Inducible impairment of IDX-1 expression in transgenic mice.
We generated two strains of transgenic mice, RIP-rtTA and Tet-ASRZ-IDX-1 to avoid the integration of both transgenes in the same locus and minimize the levels of basal ribozyme expression in pancreatic β cells (28). Three founder lines were bred and analyzed for the Tet-ASRZ-IDX-1 transgene, and two founder lines were bred and analyzed for the RIP-rtTA transgene. To generate a mouse model of inducible impairment of IDX-1 expression, we mated RIP-rtTA and Tet-ASRZ-IDX-1 mice and produced double-transgenic RIP-rtTA/Tet-ASRZ-IDX-1 animals (Figure 3a). The double-transgenic mice developed normally in the absence or presence of doxycycline, unlike IDX-1 knockout mice that were born without a pancreas and died shortly after birth (3, 12). No differences were observed in body weight or pancreatic morphology between double-transgenic and nontransgenic littermate control mice. Oral administration of doxycycline in sucrose vehicle for 4 weeks to double-transgenic RIP-rtTA/Tet-ASRZ-IDX-1 mice at 3-4 months of age did not impair glucose tolerance as assessed by intraperitoneal glucose tolerance testing.
Figure 3.
RIP-rtTA/Tet-ASRZ-IDX-1 double-transgenic mice exhibit inducible defects in glucose tolerance. (a) Schematic model of breeding strategy to generate RIP-rtTA/Tet-ASRZ-IDX-1 double-transgenic mice. Heterozygous or homozygous RIP-rtTA transgenic mice were mated with heterozygous or homozygous Tet-ASRZ-IDX-1 transgenic mice to generate double-transgenic progeny. (b) Inducible elevation of glycated hemoglobin levels in RIP-rtTA/Tet-ASRZ-IDX-1 double transgenic mice in a sexually dimorphic pattern. A litter of nine double-transgenic mice were administered subcutaneous 21-day slow-release placebo or doxycycline pellets as indicated for three consecutive cycles beginning at approximately 4 months of age. After 50 days of treatment, glycated hemoglobin levels were measured. Data shown reflect the average ± range of measurements (n = 2–3 per sex and treatment group).

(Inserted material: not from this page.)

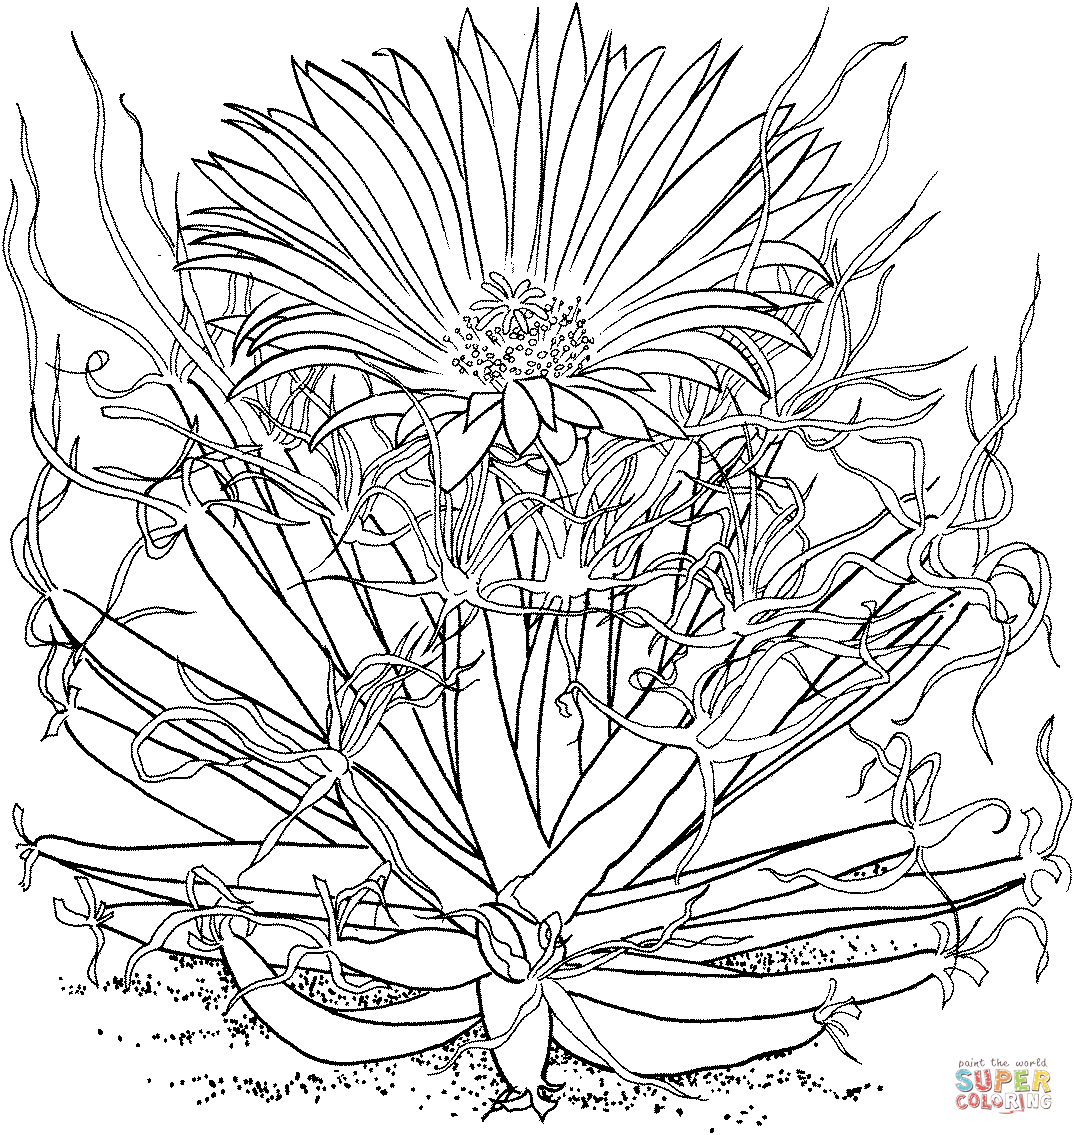 Leuchtenbergia principis ou cacto agave de Cactus

As a paradigm for longer-term administration of doxycycline we subcutaneously implanted three consecutive cycles of 21-day slow-release doxycycline (15 mg) or placebo pellets (Innovative Research of America) in each animal in a litter of double-transgenic RIP-rtTA/Tet-ASRZ-IDX-1 mice that were generated from mating homozygous RIP-rtTA with homozygous Tet-ASRZ-IDX-1 mice. After day 50 of treatment with doxycycline, we measured serum glycated hemoglobin levels in the 6-month-old animals. No significant differences in glycated hemoglobin levels were noted among the three female littermates treated with doxycycline and their two placebo-treated female littermates (Figure 3b). However, the two male littermates treated with doxycycline had substantially higher glycated hemoglobin levels than did their two placebo-treated male littermates (Figure 3b). These findings indicate a sexually dimorphic phenotypic pattern in this mouse model. Sexual dimorphism is a common finding in many rodent models of diabetes in which male mice have more marked abnormalities in glucose tolerance, including mouse models of defective insulin action (43). The metabolic phenotype in our double-transgenic mouse model was of low penetrance because six double-transgenic male mice from two subsequent litters did not develop elevated glycated hemoglobin levels in response to a similar course of subcutaneous doxycycline administration compared with five placebo-treated double-transgenic male littermate controls. Variable penetrance of diabetes has been observed in other mouse models (43, 44) and in humans with IDX-1 mutations (7) and likely reflects the variability in cosegregation of additional genes that confer susceptibility to or protection from the development of the disease.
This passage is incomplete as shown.